Deployment Environments
Development
Setup:
# Clone repository
git clone https://github.com/MusicMoveArr/MiniMediaMetadataAPI.git
cd MiniMediaMetadataAPI
# Run with .NET CLI
dotnet run --project MiniMediaMetadataAPI
# Or with Docker
docker build -t minimediametadataapi .
docker run -p 8080:8080 minimediametadataapi
Database: Local PostgreSQL or Docker container
Configuration: appsettings.Development.json
Logging: Debug level
Staging
Not Documented: No staging environment configuration
Recommended Setup:
- Separate Docker Compose file
- Staging database (copy of production schema)
- Production-like resource limits
- Monitoring and logging
Production
Deployment Method: Docker Compose
Steps:
# Pull latest image
docker pull musicmovearr/minimediametadataapi:latest
# Create appsettings.json with production values
cat > appsettings.json <<EOF
{
"DatabaseConfiguration": {
"ConnectionString": "Host=postgres;Database=minimediametadata;Username=postgres;Password=${DB_PASSWORD};MinPoolSize=5;MaxPoolSize=100"
},
"Prometheus": {
"MetricsUrl": "/metrics"
}
}
EOF
# Start services
docker-compose up -d
# Verify health
curl http://localhost:56232/swagger
curl http://localhost:56232/metrics
Database Setup:
- Managed by MiniMediaScanner (separate deployment)

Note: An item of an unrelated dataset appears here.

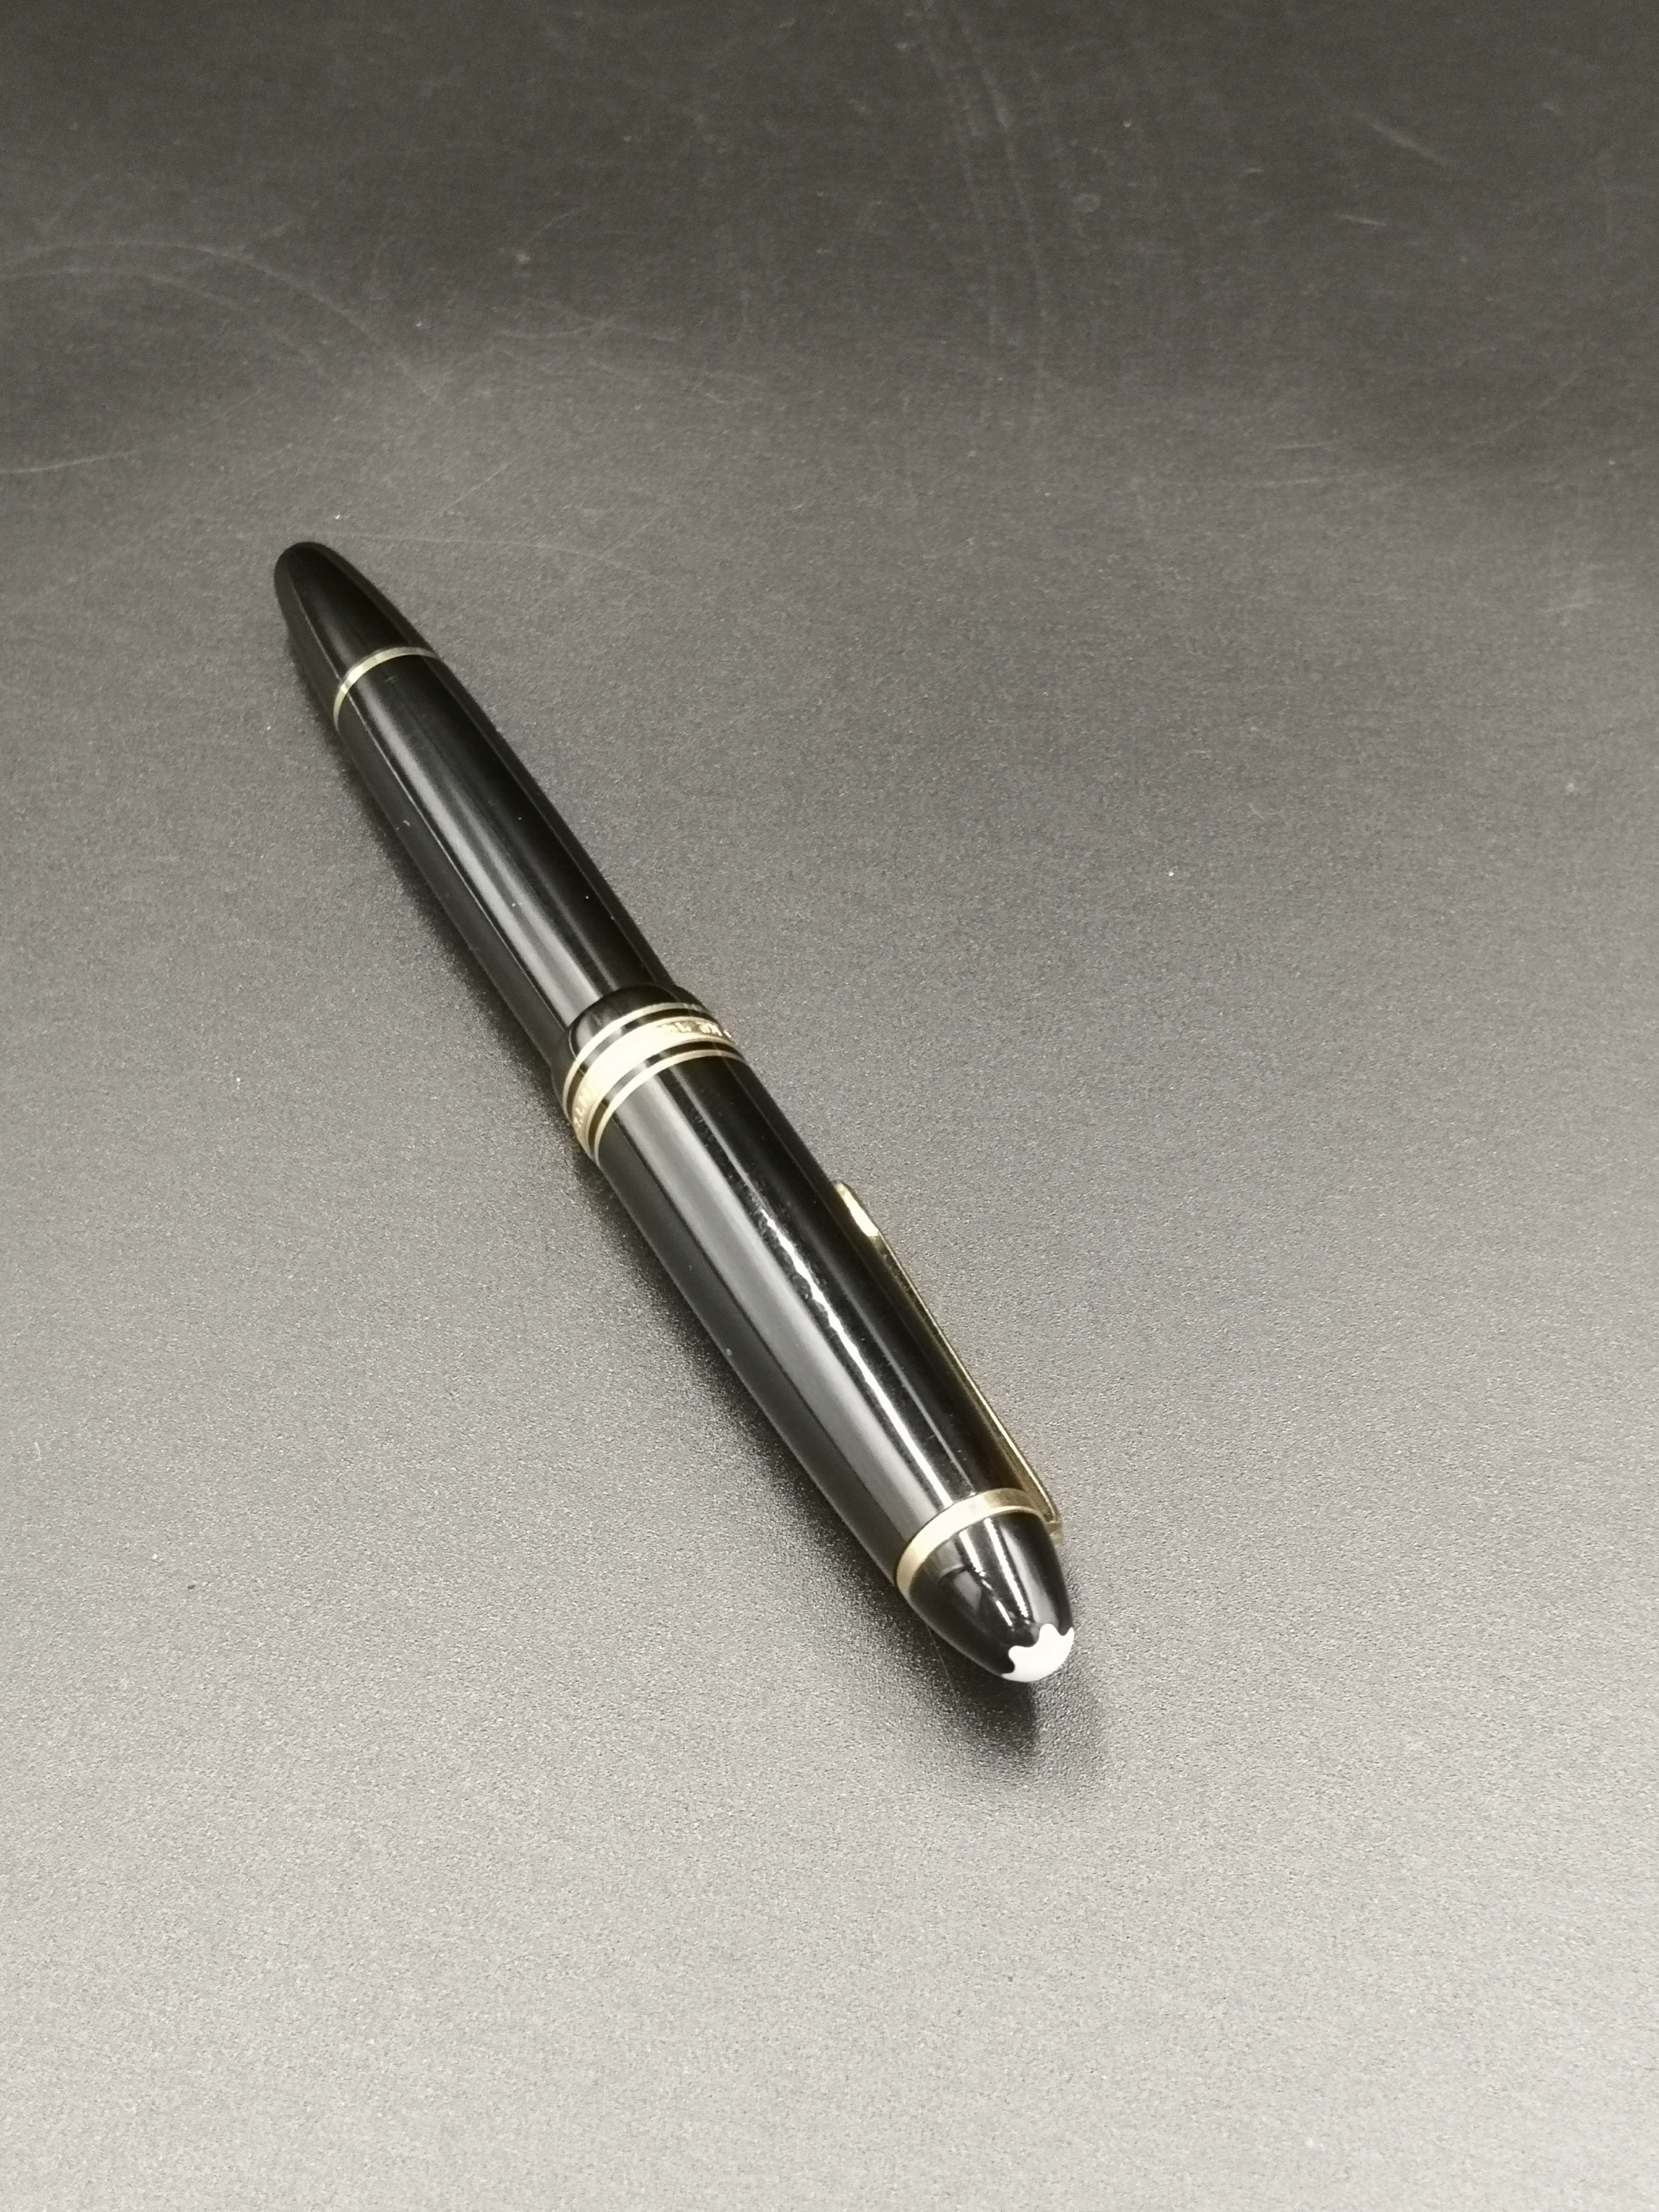 Montblanc Meisterstuck fountain pen - Image 2 of 6

- Schema must exist before API starts
- No migrations run by API
Monitoring:
- Prometheus metrics at
/metrics - Docker logs:
docker logs minimediametadataapi - No APM (Application Performance Monitoring)
Health Checks
Docker Health Check
Status: Not configured
Recommended Dockerfile Addition:
HEALTHCHECK --interval=30s --timeout=3s --start-period=5s --retries=3 \
CMD curl -f http://localhost:8080/health || exit 1
Requires: Health endpoint implementation in API
Kubernetes Probes
Status: Not configured
Recommended Deployment:
apiVersion: apps/v1
kind: Deployment
metadata:
name: minimediametadataapi
spec:
replicas: 3
template:
spec:
containers:
- name: api
image: musicmovearr/minimediametadataapi:latest
ports:
- containerPort: 8080
livenessProbe:
httpGet:
path: /health/live
port: 8080
initialDelaySeconds: 10
periodSeconds: 30
readinessProbe:
httpGet:
path: /health/ready
port: 8080
initialDelaySeconds: 5
periodSeconds: 10
resources:
requests:
memory: "128Mi"
cpu: "100m"
limits:
memory: "256Mi"
cpu: "500m"
Missing: Health endpoint implementation
Resource Management
Memory
Limit: 256 MB (Docker Compose)
Actual Usage: <250 MB (documented)
Breakdown:
- .NET Runtime: ~50 MB
- Application Code: ~20 MB
- Connection Pool: ~50 MB (100 connections)
- Request Buffers: ~50 MB
- Overhead: ~80 MB
Tuning:
deploy:
resources:
limits:
memory: 256M
reservations:
memory: 128M
OOM Risk: Low (usage below limit)
CPU
Limit: Not configured
Recommended:
deploy:
resources:
limits:
cpu: "1.0"
reservations:
cpu: "0.25"
CPU Usage:
- Idle: <5%
- Light load (10 req/s): 10-20%
- Heavy load (100 req/s): 50-80%
Disk
Image Size: ~220 MB
Runtime Disk Usage:
- Logs: Variable (depends on retention)
- Temp files: Minimal
- No persistent storage needed
Volume Mounts:
appsettings.json: <1 KB- Logs (optional): Variable
Networking
Ports
| Port | Protocol | Purpose | Exposed |
|---|---|---|---|
| 8080 | HTTP | API endpoints | Yes (56232) |
| 8081 | HTTPS | Secure API (unused) | No |
Port Mapping: 56232:8080 (host:container)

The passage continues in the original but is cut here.